4. I may point out in this connection that it was held, that under the Indian Companies Act of 1882 the special proceeding provided for by Section 214 was not subject to any rule of limitation. D. Connell v. Himalaya Bank, Ltd. I.L.R.(1895) 18 All. 12. See also Ramasami v. Streeramulu Chetti I.L.R.(1896) 19 Mad. 149. But under the present Companies Act, Section 235 expressly enacts that applications in respect of misfeasance or breach of trust are in the nature of suits, governed by the provisions of the Indian Limitation Act. The Legislature may, if it chooses, enact a provision on the lines of Section 235(3) of the Indian Companies Act but the courts cannot import a rule of limitation where the Legislature has either by design or accident failed to prescribe a period.

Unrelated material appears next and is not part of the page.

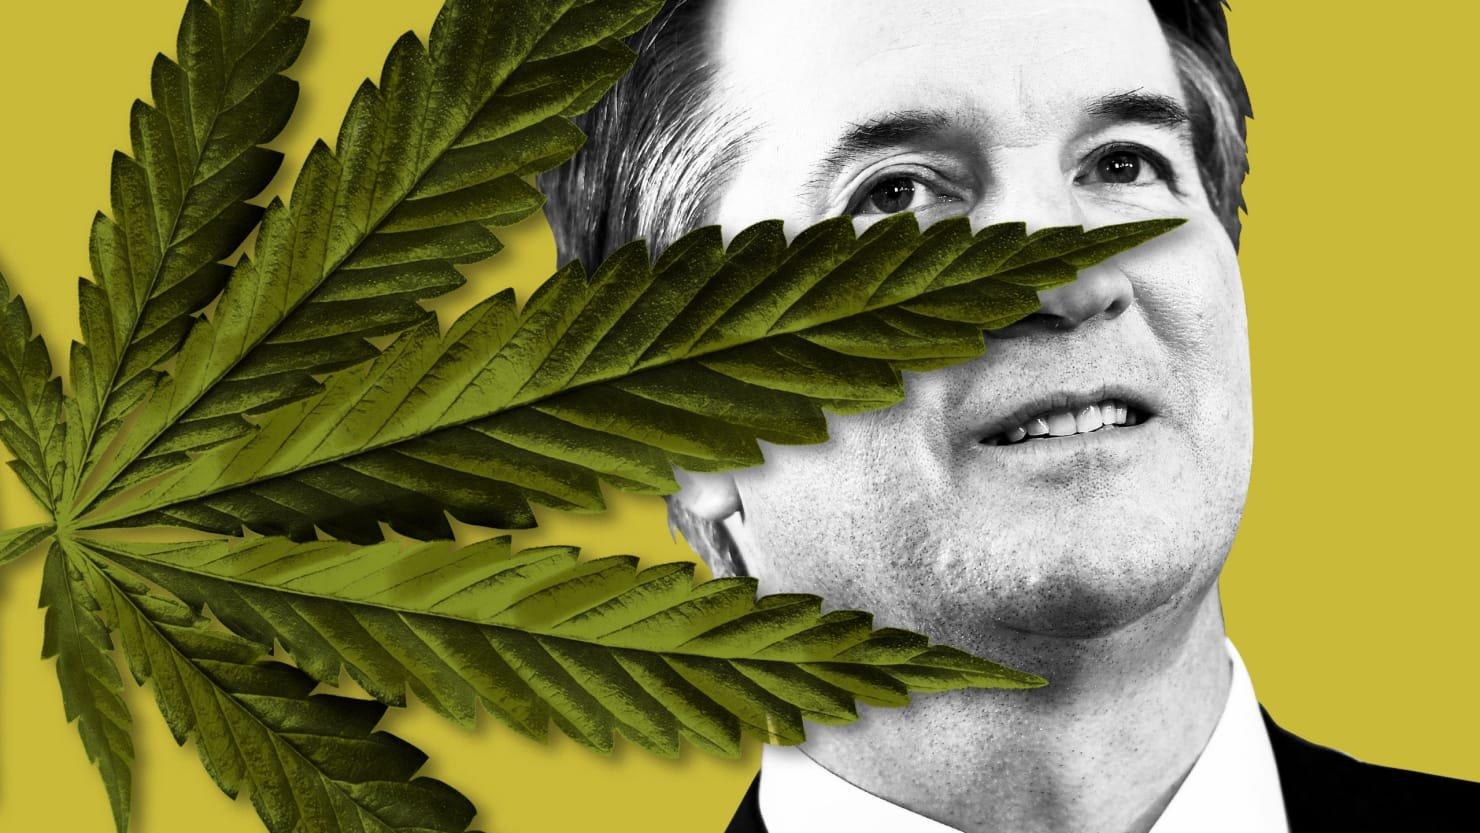 Wanna Beat Trump's Supreme Court Nominee? Focus on Marijuana

5. It may also be observed that Section 227 and Rule 5 are not coextensive. The suits referred to in that section are against members of the Board only, but under the rule the loss may be recovered even from an employee or servant. The contention therefore that the rules are ultra vires fails.

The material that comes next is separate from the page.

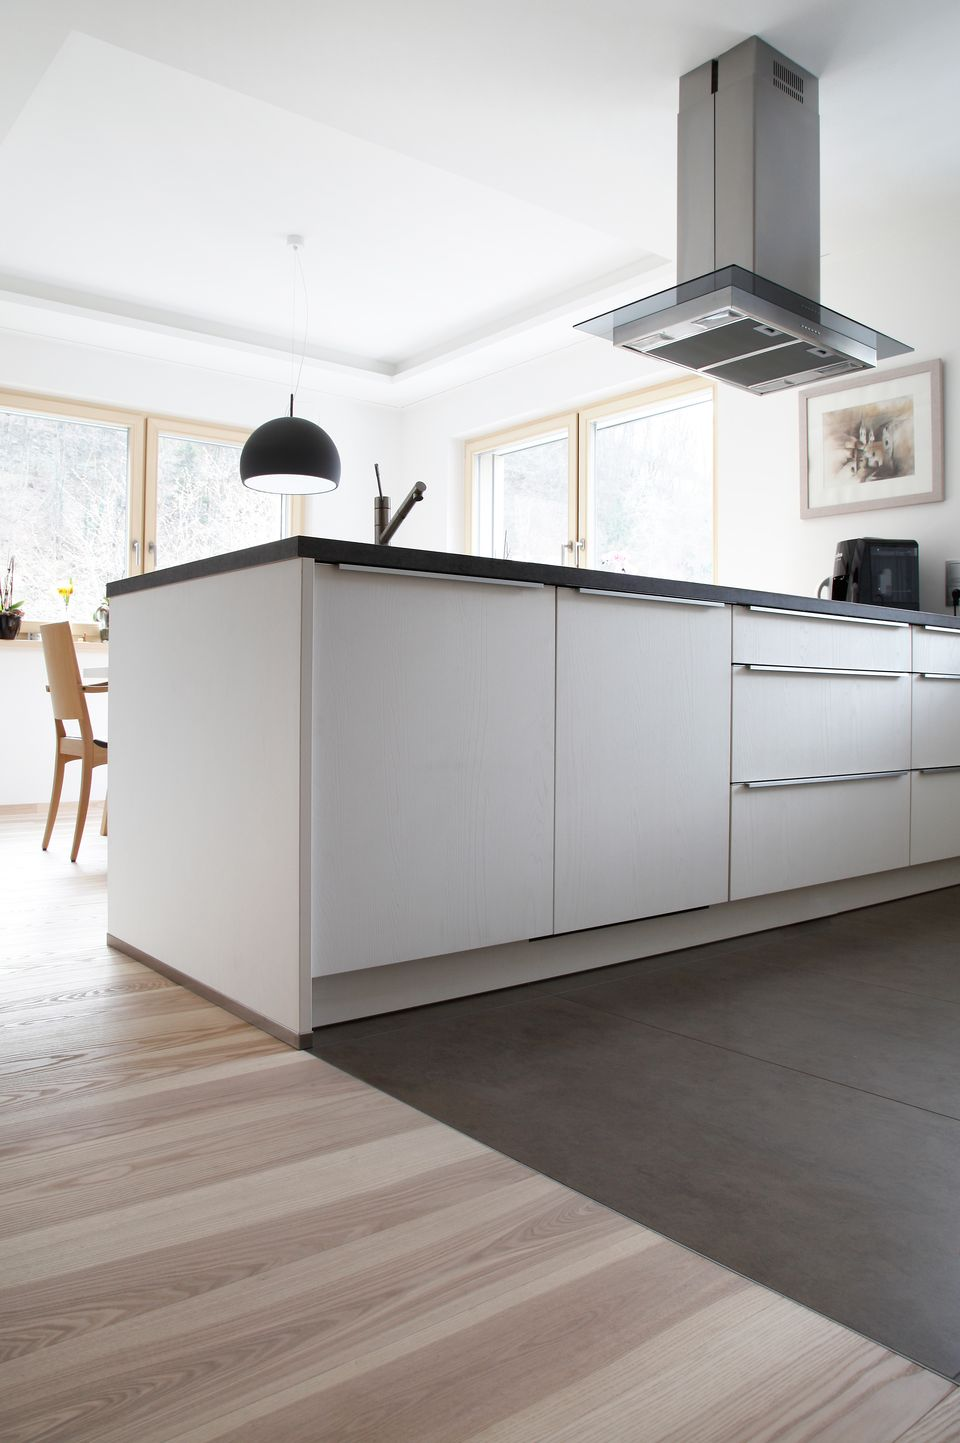 erfahren die bodenleger von hofer fliesen b den s dtirol. Black Bedroom Furniture Sets. Home Design Ideas

6. There was some argument in regard to the words 'surcharge' 'disallowance' and 'charge': But nothing material turns upon the use of those words. Rule 5 is modelled on Section 247, Clause (7) of the Public Health Act of 1875; with certain slight alterations that section has been reproduced. Cozens Hardy, M.R. points out in Rex v. Roberts (1908) 1 K.B. 407 , that the word 'surcharge' is not used in the English Act just mentioned in its strict technical sense. The expression 'surcharge and falsify' refers to the mode of taking accounts in Chancery; if any of the parties can show an omission for which credit ought to be given that is surcharge; if anything is inserted, that is wrong, he is at liberty to show it and that is falsification. (Whatson's Law Lexicon). But 'surcharge' is used in another sense - an overcharge of what is just and right; a declaration by an auditor that a person is personally liable to refund a particular part of public money illegally expended by him (Ibid.). According to Murray's Oxford Dictionary, 'surcharge' means (1) the act of showing an omission in an account or a statement showing this; (2) a charge made by an auditor upon a public official in respect of an amount improperly paid by him. The first has to do with a wrong omission, the second with a wrong insertion and the two meanings are thus contradictory. It is therefore clear that the three words in question have no special legal significance attached to them.
7. It is next argued that it has not been shown that the President has been negligent. I am not prepared to interfere in revision with the lower Court's finding on this point which is a finding of fact.
8. In the result, the Civil Revision Petition fails and is dismissed with costs.